Running jobs
Overview
Teaching: 30 min
Exercises: 10 minQuestions
How do I submit jobs that run python code?
How do I ensure that my python job has the packages it needs?
How do I get better input/output performance?
How do I use a GPU with my code?
Objectives
Be able to submit and run jobs that run python code
Be able to create virtual environments to install packages in a job
Create a virtual environment on local disk
Run a code on a GPU
Hello world job
Let’s write a short python program hello.py
that says “Hello” from the computer it is run on.
import subprocess
print("Hello from ...")
subprocess.run("hostname")
We can write a bash script hello.sh
that runs this program:
#!/bin/bash
module load python/3.11
python hello.py
You can give it a try on the command line:
bash hello.sh
Now it turns out that you could also submit this script as a batch job to Slurm:
sbatch hello.sh
The queue
You can check your jobs that are in the queue with:
squeue -u $USER
On the regular Alliance clusters, there is a shorthand command:
sq
Only queued (pending) and running jobs will be shown, so if your job has finished running you won’t see it in the queue
To see all of the jobs in the queue, you can run squeue
.
Output
Check out the output file (something that looks something like slurm-57.out
) to see what
happened with your job. Hopefully such a file exists and it has a hostname in the output.

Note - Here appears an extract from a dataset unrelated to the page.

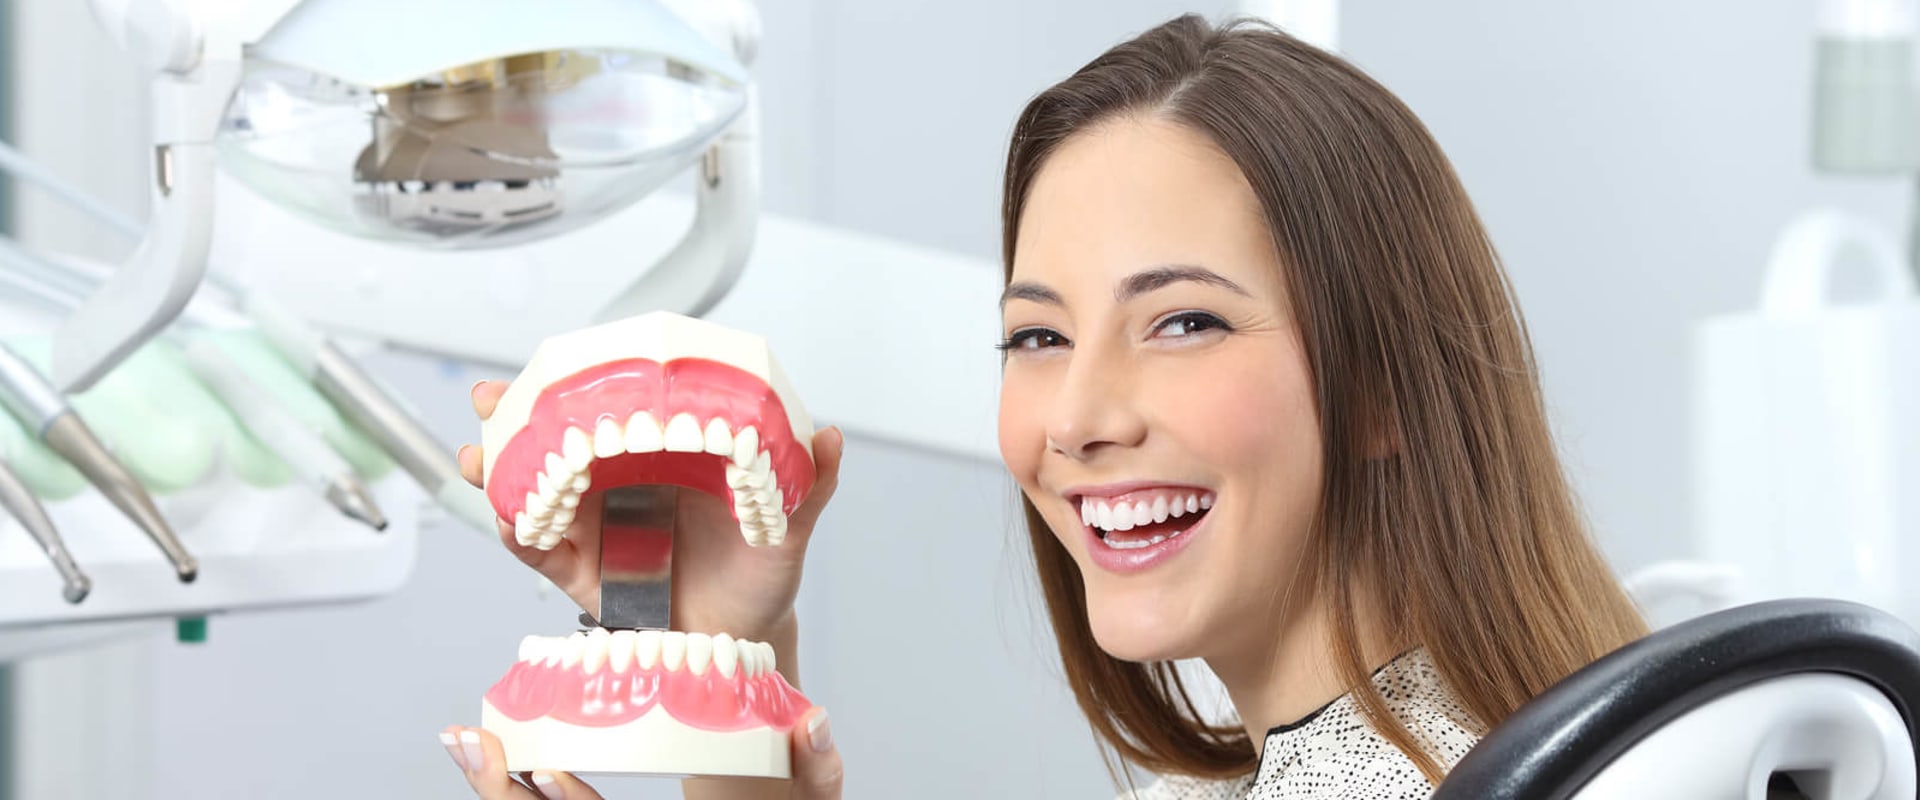 Do Dentures Require Regular Dental Visits?

But you really shouldn’t submit jobs this way …
When you submit a job that way, the scheduler gives your job some default computational resources. The defaults are pretty wimpy however, and it’s ofter better to tell the scheduler exactly what you want. Common defaults are 1 hour for run time, and 256MB for each CPU core.
We can modify our script to put in some comments, but these comments (all starting with #SBATCH
)
instruct the scheduler what resources we want for our job:
#!/bin/bash
#SBATCH --nodes=1
#SBATCH --tasks-per-node=1
#SBATCH --cpus-per-task=1
#SBATCH --mem-per-cpu=1000M
#SBATCH --time=00:10:00
module load python/3.11
python hello.py
Of note, the memory is requested by core (we only ask for one core though), since
this is often a good way to scale up a program for later. The M
stands for Megabytes.
Why so many Megabytes? (When Gigabytes exist as a thing)

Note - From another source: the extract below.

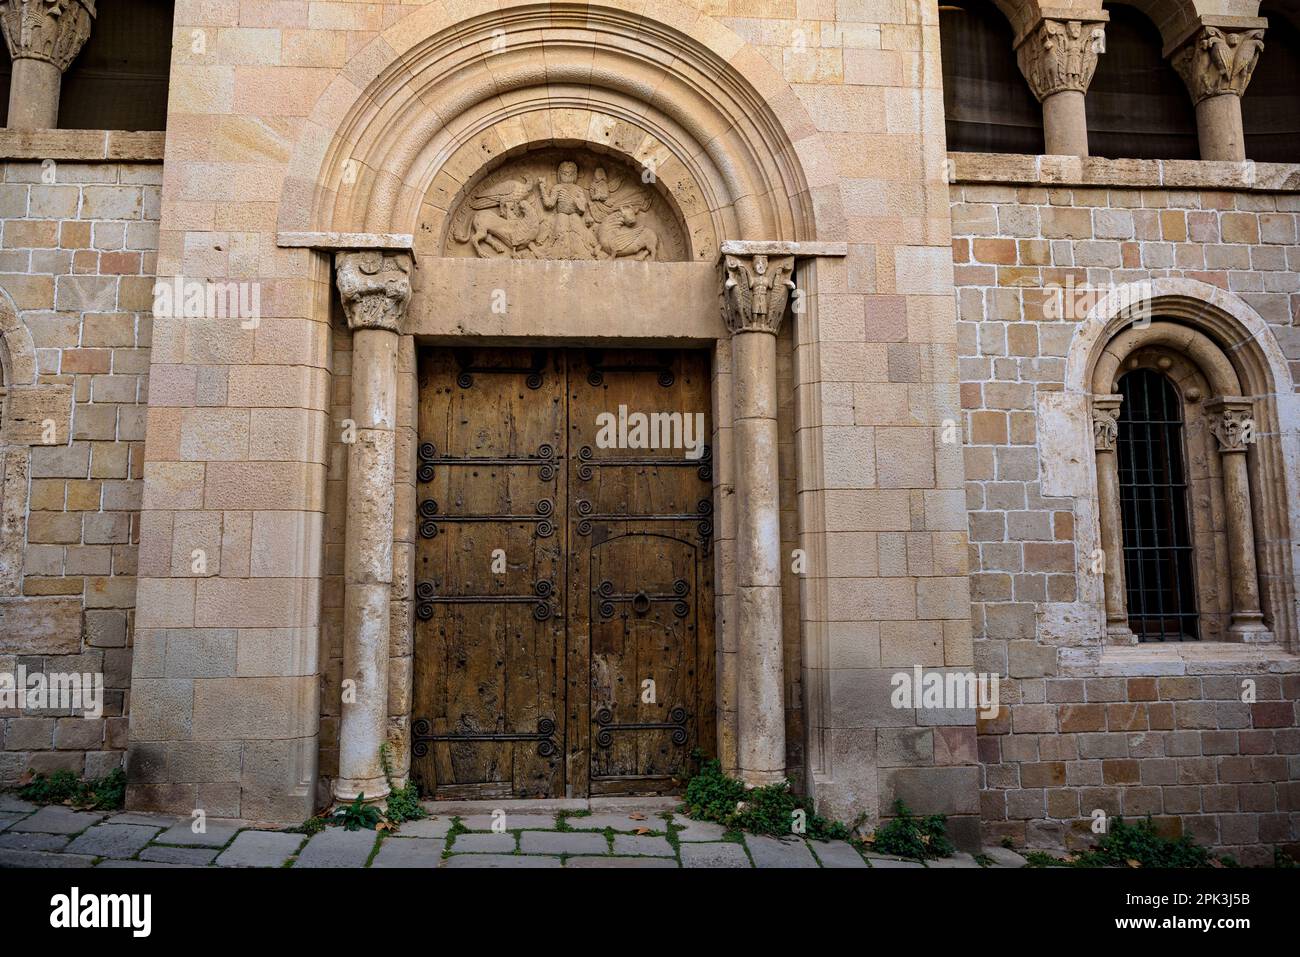 Detalle de la puerta del convento del Monasterio de Pedralbes (Barcelona, Cataluña, España) Esp: Detalle de la puerta del convento Foto de stock

The scheduler often reserves some memory for each core for use by the operating system when it schedules jobs. If you ask for all of the memory for a core, the scheduler needs a little bit of memory from somewhere else (another core), and as a result your priority will be impacted as if you used an additional core. So if you know that a system has 4 Gigabytes of RAM per core, then it’s better to ask the scheduler for 4000M (Megabytes) than for 4G (Gigabytes). A Gigabyte is actually 1024 Megabytes, and the difference in memory can be used by Slurm to service operating requests.
We can submit this job again with sbatch hello.sh
. The output won’t change in our case, but
being specific with your resource requirements is important for jobs that do serious work.
Accounting …
We have glossed over the fact that there is an “account” being used for deciding the priority of
your job. In the case of the training cluster, everybody has one account def-sponsor00
.
In real life situtations, it’s quite possible that you might have access to more than one account
on a cluster (e.g., def-sponsor00
and rrg-sponsor00
). In which case you’ll need to specify
which account to use either in the script, or on the commandline. (I often prefer the later method).

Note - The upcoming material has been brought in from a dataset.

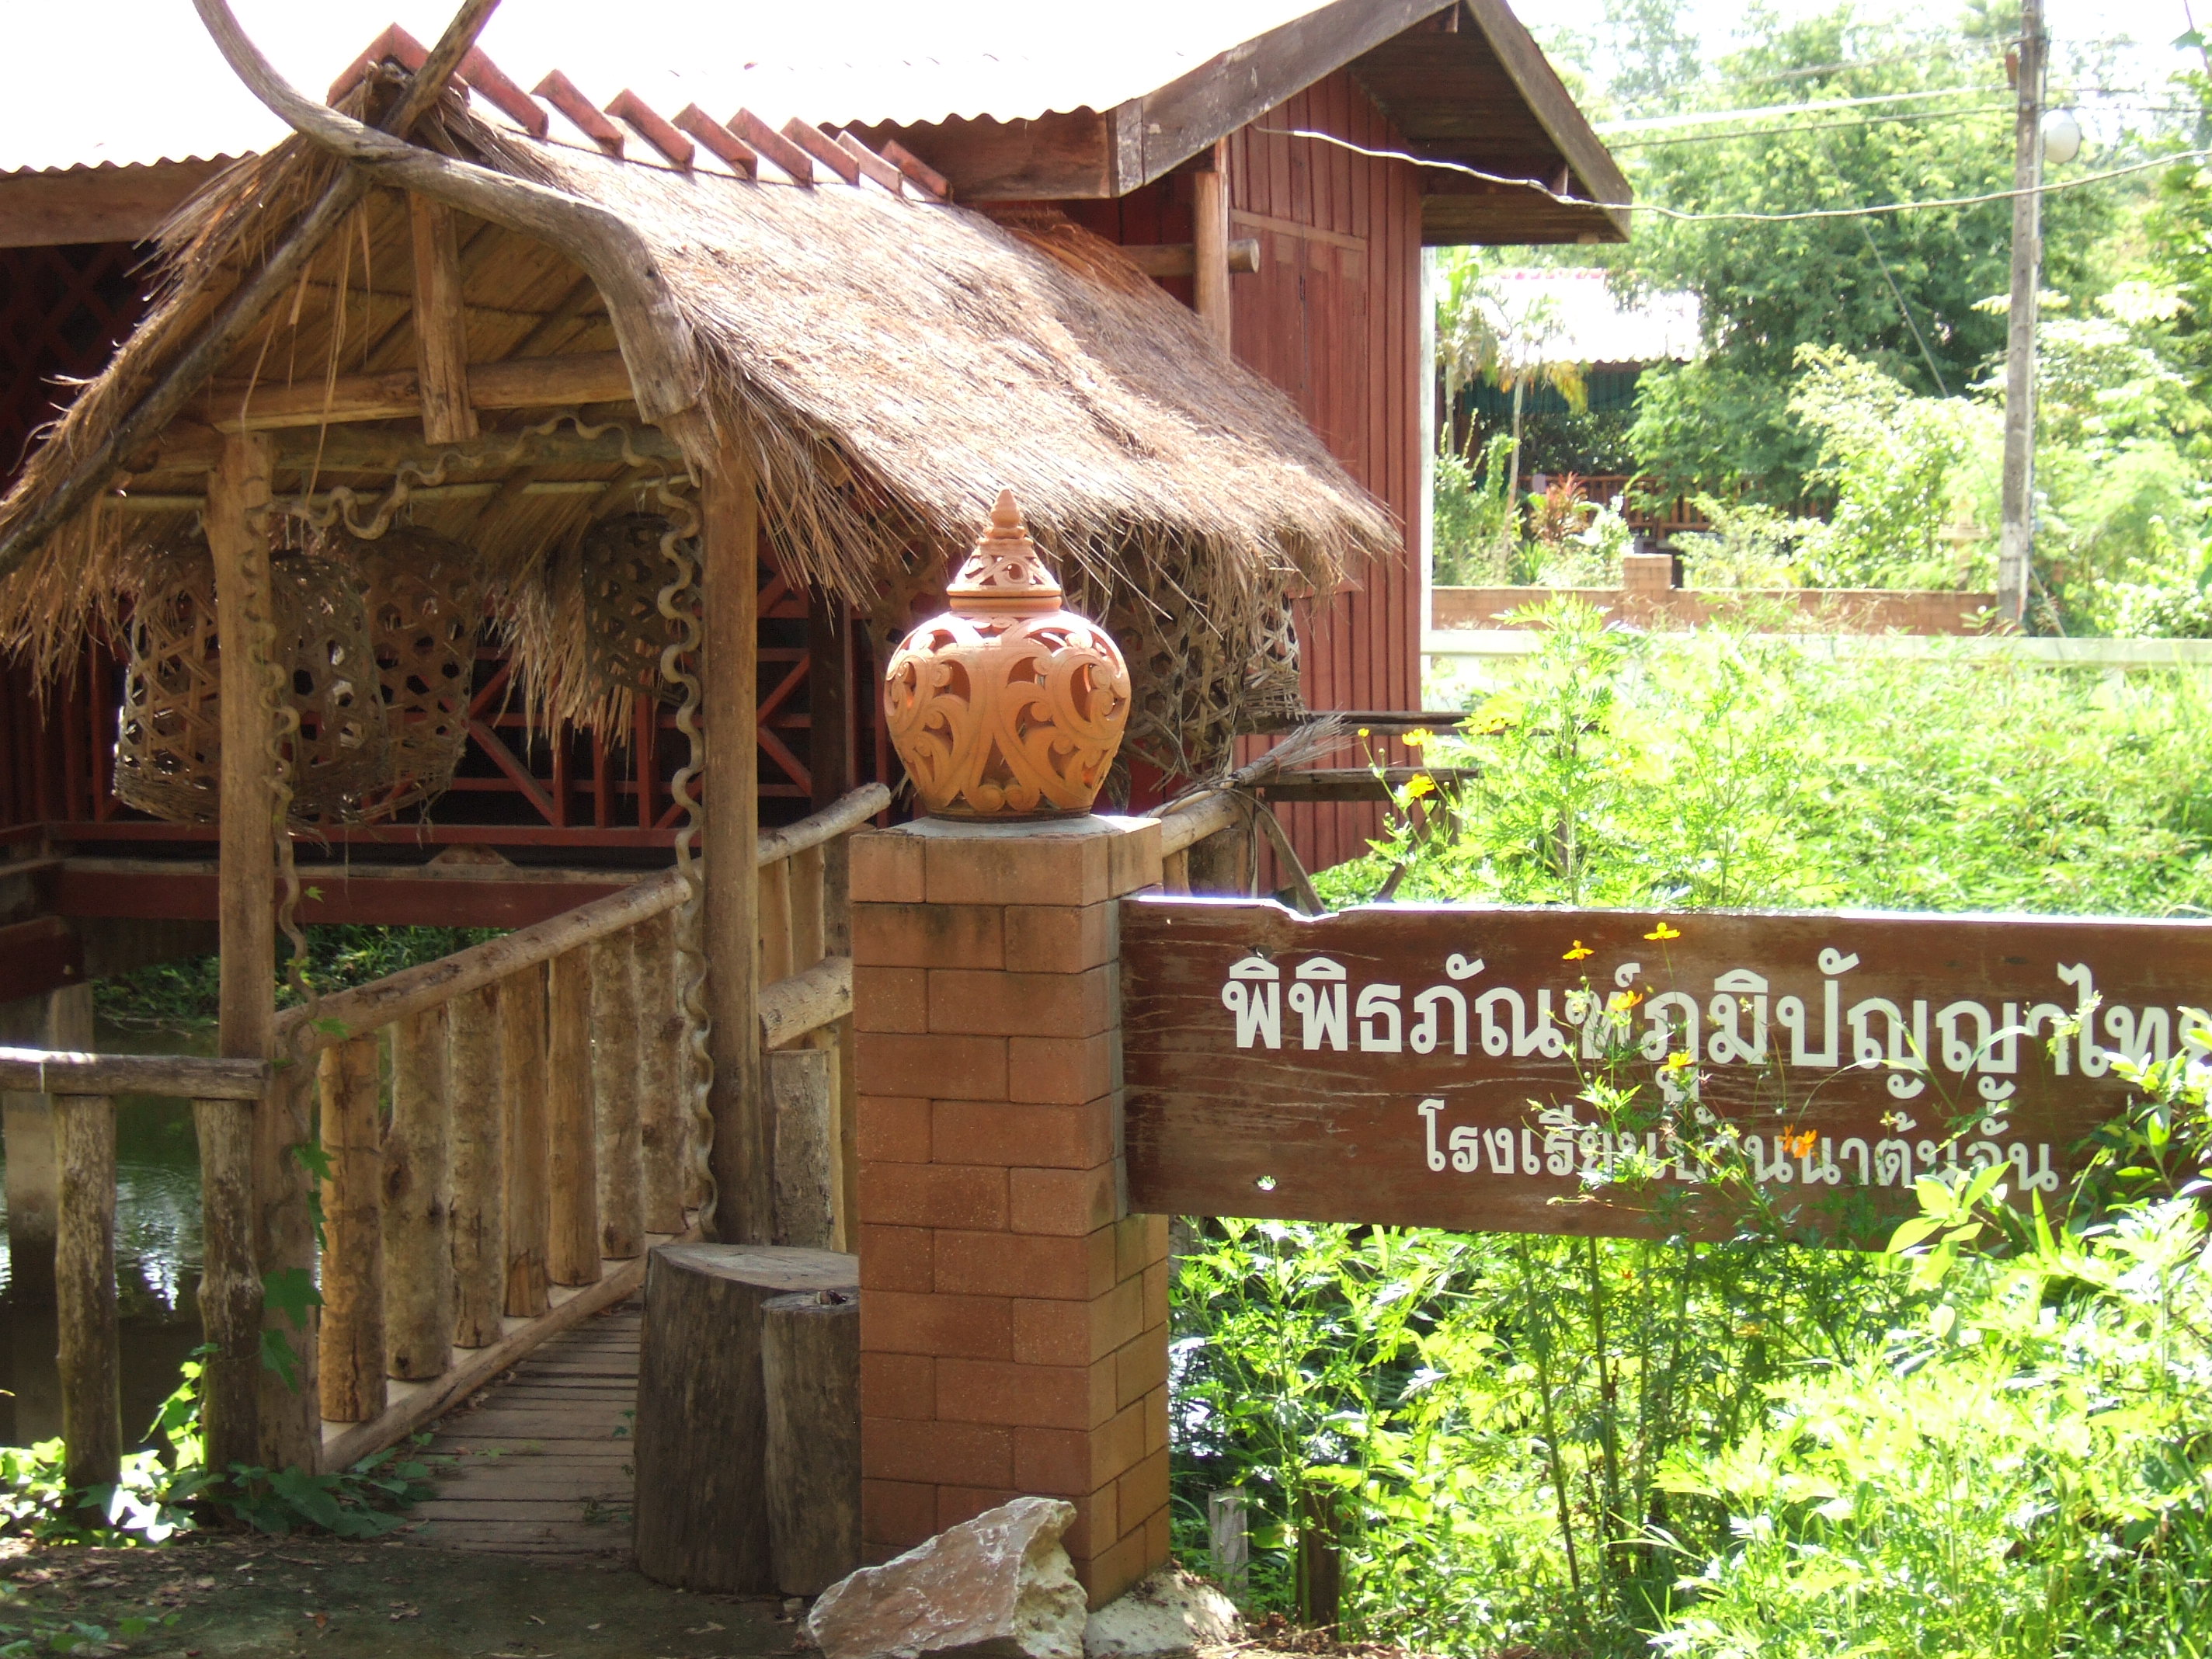 แหล่งเรียนรู้ภูมิปัญญาไทย "พิพิธภัณฑ์ภูมิปัญญาไทยโรงเรียนบ้านนาต้นจั่น"

In the script, add the line:
#SBATCH --account=def=sponsor00
On the commandline, submit with the following command:
sbatch --account=def-sponsor00 hello.sh
The speed of storage matters
Most cluster users will know the three main filesystems on a cluster:
home
scratch
project
Each of these filesystems are on disk that is connected to the computers you are using
over a network. We can typically expect that scratch
is faster than project
, and
that project
is faster than home
.
But in general, networked disk is slower than local disk (when the disk is connected to the computer you are using), but in order for all of the computers in the cluster to access these filesystems, a network needs to be involved, as do other services like metadata servers to support the parallel filesystem.
The situation is worse than this. Unlike the disk in your laptop, on the cluster there might be hundreds of users all using the same filesystem at the same time. This makes the disk performance issue even worse. Some users that are running on a cluster for the first time might be puzzled why they are getting much worse performance than on their own laptops.
Performance issues are particularly noticable in situations where many files are read/written to. It is better to do a few big writes to a few files than it is to do many little writes to a lot of files.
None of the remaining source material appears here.